Despite the attack, Ms. Hashmi crushed Mr. Sturtevant in Richmond precincts with many black voters, the key to her upset victory.
“The liberal groups that should have continued to put pressure on Governor Northam for this scandal made the political calculation that it was better for their self-interest to shut up about it,” said Will Ritter, a Republican strategist in the state.
Whatever doubts that lingered with Democratic voters about state leadership were largely banished in the summer, when the governor called the Legislature back to Richmond to pass gun restrictions after a mass shooting in Virginia Beach on May 31.
The Republican majorities adjourned the session after 90 minutes, a bit of political drama that stuck with many voters in November.
“The calling of the special session turned out to be brilliant,” said Bob Holsworth, a longtime political analyst in the state. “Republicans couldn’t bring themselves to go against their rural base to make changes. This put a totally different dynamic on the election.”
Mr. Northam said the eight bills he introduced in the aborted session would be the first ones out of the gate when the new General Assembly majorities meet in January. They include universal background checks, a ban on assault rifles and high-capacity magazines, limiting handgun purchases to one a month and a so-called red flag law to let a court remove weapons from people who pose a threat. He has not ruled out confiscating assault weapons from gun owners.
Mr. Northam, who has treated gunshot victims as a pediatric neurologist and an Army medical officer, said he had hoped for bipartisanship from Republicans when he called a special session. “I said I want to dialogue. I want votes and laws,” he said. “They had an opportunity to have that dialogue and they chose not to, and I think they paid that price on Tuesday.”
All year, Mr. Northam has retained the support of black voters. Even as his overall approval plunged to 40 percent two months after the yearbook photo surfaced, 63 percent of African-American voters wanted him to remain in office, according to a poll by Christopher Newport University in Newport News, Va.
The same pollster found in an October survey that Mr. Northam’s overall approval had recovered, to 51 percent.
Defying calls to resign by the Democratic caucuses in the House of Delegates and State Senate in February, the governor vowed to dedicate the rest of his term to fighting racial inequity. His effort won support from black lawmakers.

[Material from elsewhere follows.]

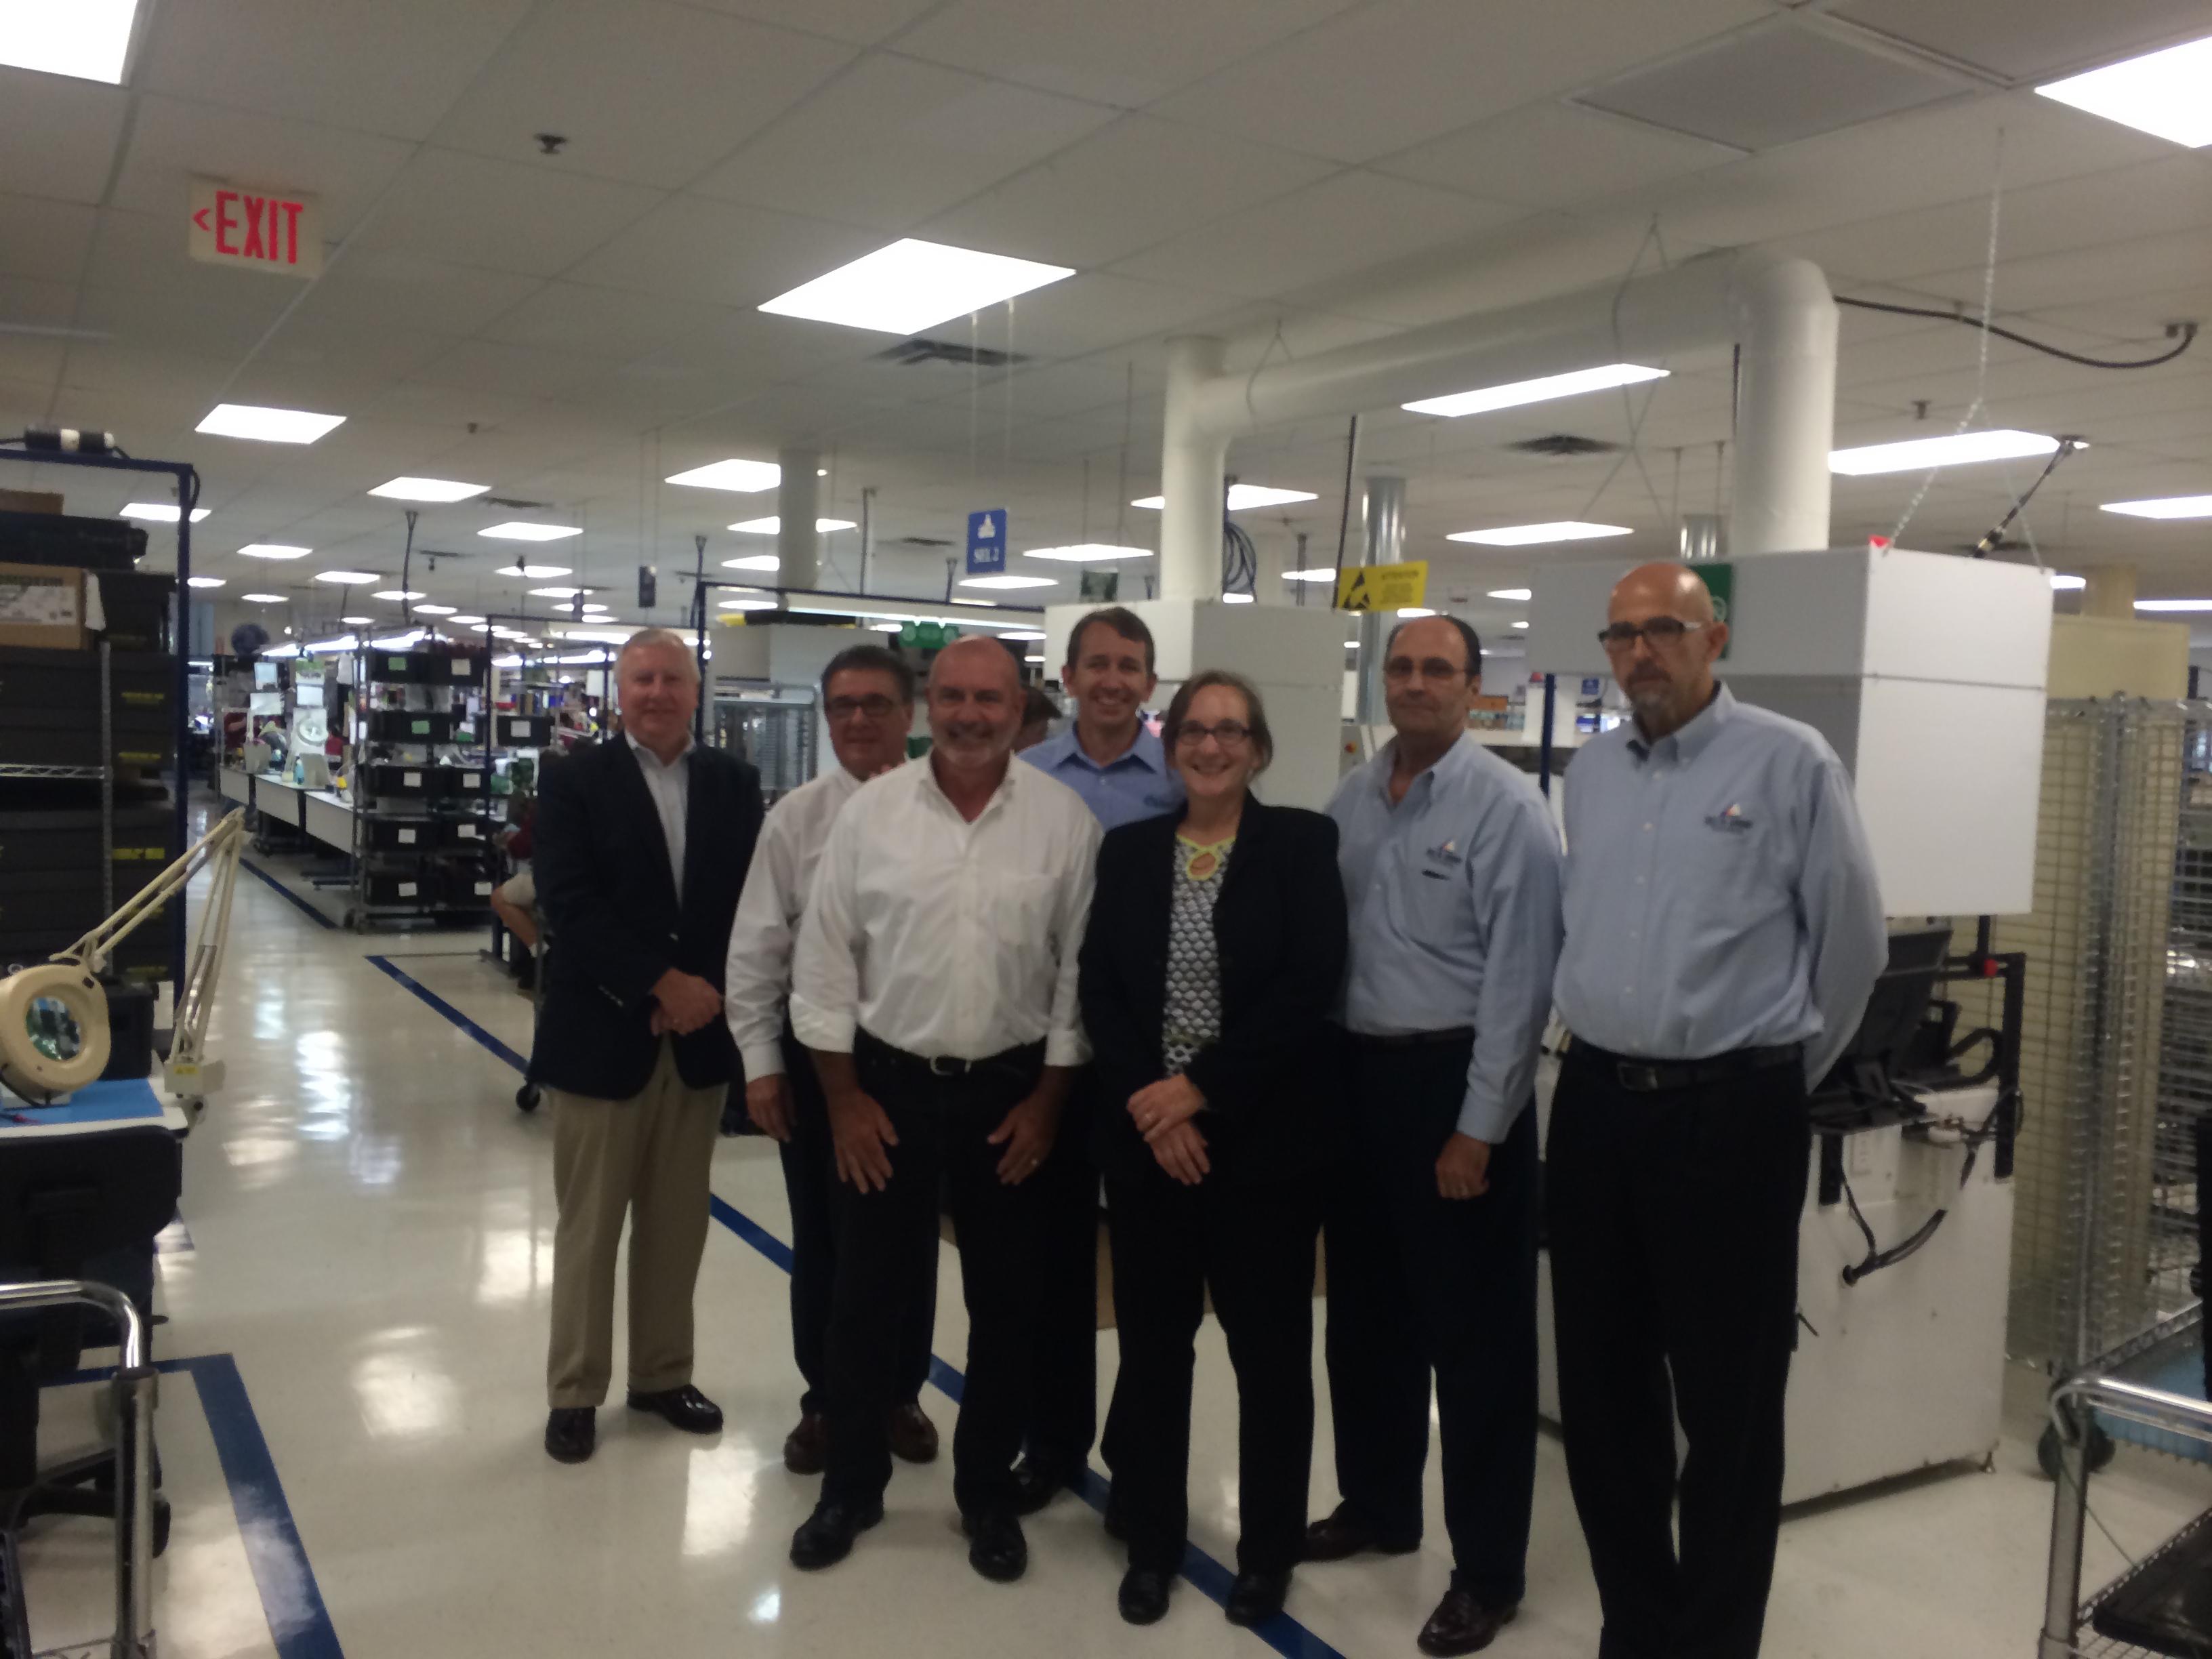 Delta Group CEO Harry Mueller, Ron Reef, Chris Gunn, Quantum CEO Mark Tinker, Cindy Drapcho, Zoran Jecmenica, Chris Brewer

He created a commission to comb Virginia’s laws for legacies of Jim Crow, and a second commission to review school textbooks for fair coverage of black history. He pushed for a provision to restore drivers’ licenses to people who have had them suspended for failure to pay fines.
Last week, the governor included two historically black colleges in $1 billion of funding to graduate more computer science majors from the state’s universities.
Lamont Bagby, a member of the state’s House of Delegates and chairman of the Legislative Black Caucus, said two-thirds of caucus members were graduates of H.B.C.U.s, and ensuring more state support was a priority.
“February put the issues that have been important to the black caucus for decades on the front burner,” Mr. Bagby said, expressing his support for Mr. Northam. (Back in February, the Legislative Black Caucus had called on the governor to resign.)
Looking ahead, Mr. Bagby said black lawmakers want to see laws aimed at preventing evictions and increasing affordable housing. He added: “There is no reason why we can’t finally have a discussion on monuments.”
Mr. Northam said he supports overturning a century-old law that would clear the way to let local governments decide the fate of Civil War statues.
Modesty is not a quality in demand in modern American politics, either from voters or officeholders. But Mr. Northam’s level of self-effacement may have been what helped him survive. “The election on Tuesday was about Virginia,” he said. In other words, not Ralph Northam.